For example, a "Trivial" program which reads in a list of numbers from a file, computes something (say the sum of the magnitudes squared), and prints the result out to the screen might be implemented as follows:
while not eof
read n numbers
compute something from them
print result
a multithreaded version might look something like this
Thread 1 (Disk IO): read n number from disk, write them to a queue/shared memory, repeat
Thread 2 (Outputting): wait for outputs to become available, print them, repeat
Thread 3 (Compute): wait for inputs to arrive in a queue, process them, write output to another queue, repeat
A parallel version would just have more than 1 Compute thread, and they would subdivide the work between them (for example 2 threads dividing the input array into stripes, one handling even indices, the other odd...or a bunch of threads computing different slices of the array). Note that the threads would still have to combine their results at the end of the computation, and that is not always simple to do in parallel.
Some problems or algorithms simply cannot execute in parallel. Also issues of memory access patterns, caching, branch divergence (if they threads take different code paths will this affect performance) come into play. It requires a whole new set of issues to worry about, but they are not too difficult. As the professor who teaches the course http://courses.ece.uiuc.edu/ece498/al1/ says, learning parallel programming is not hard, he could teach it to you in 2 hours. But doing parallel programming well and efficiently is difficult. You can write a trivial parallel program which uses just 1 processor and has just 1 thread, which is identical to the sequential version, and it will work logically, although the performance will be severely limited. You can then extend it to use n threads, and it will experience a speedup. But to take full advantage of the hardware on your board, you will need to know a few tricks, and understand the hardware and your program's behavior intimately.
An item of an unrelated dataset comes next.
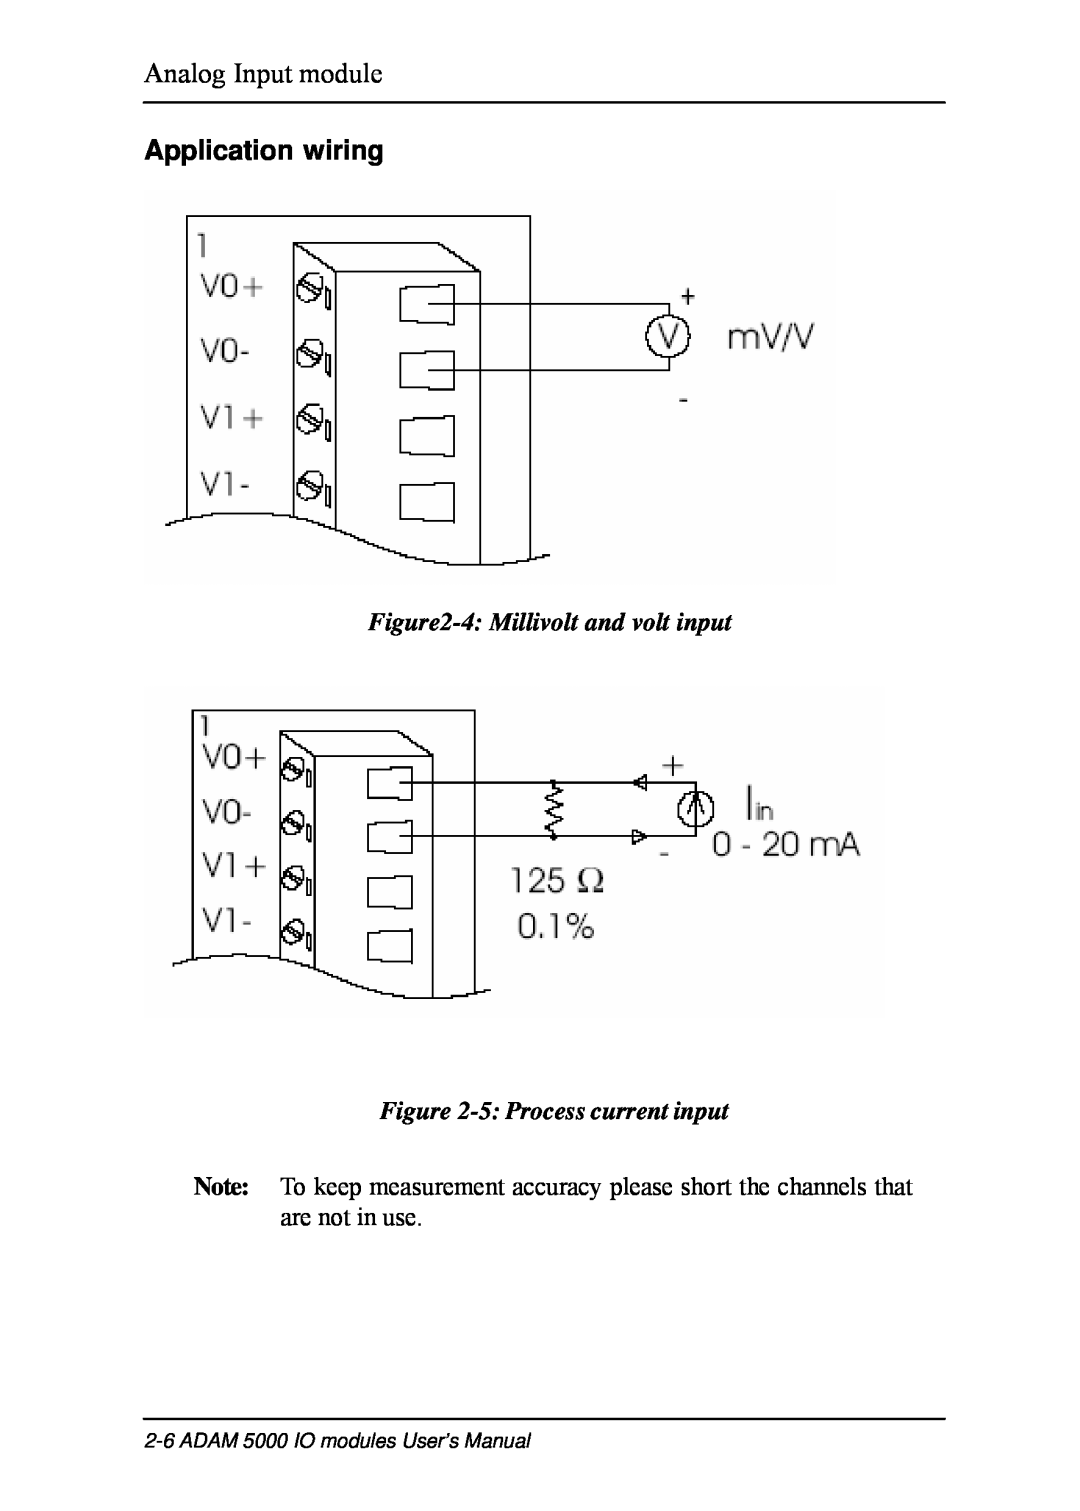 B&B Electronics 5000 Series Application wiring, 4 Millivolt and volt input -5 Process current input, Analog Input module 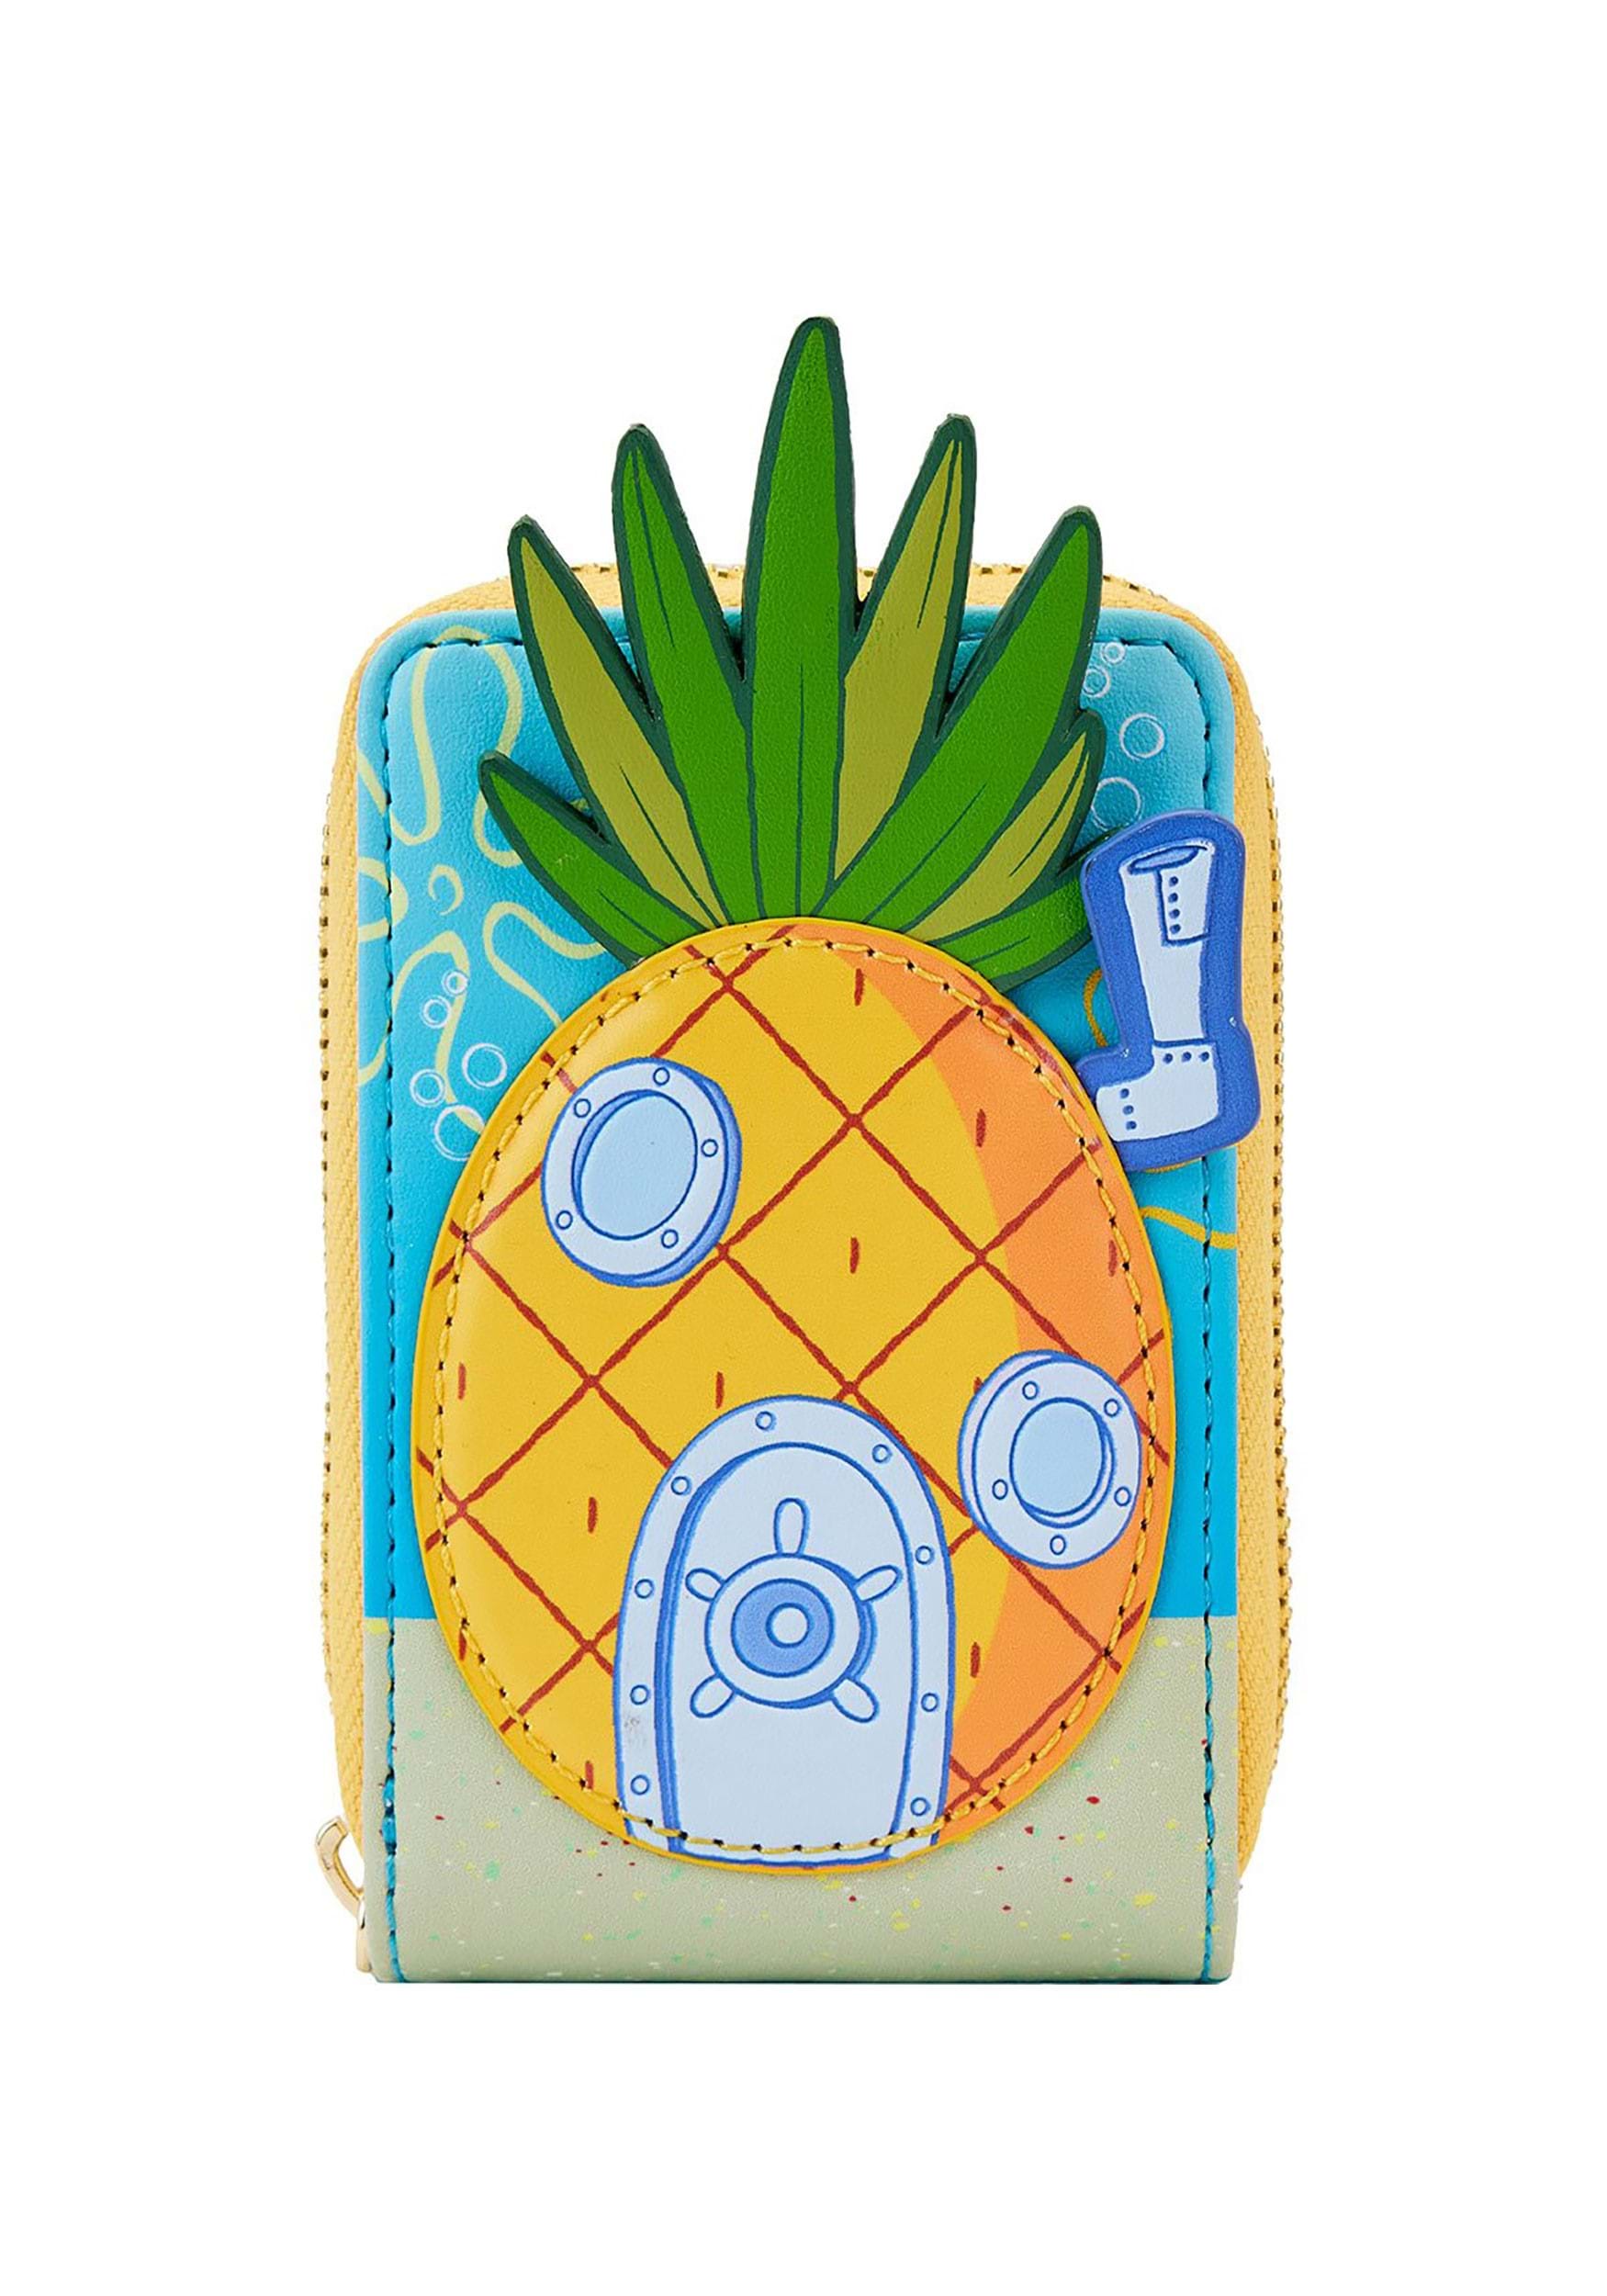 spongebob minecraft pineapple

Another issue is that programmers were spoiled by processor upgrades coming along and speeding up their programs "for free" by virtue of their higher clock speed. Now with clock speeds reaching physical limits, the only evolution in new processors will be in the number of cores they have. So the only way to coax more out of a program will be to make it more parallel, and that might be trivial or it might be difficult. We're going to have to think laterally to get more performance out of software.
Hasan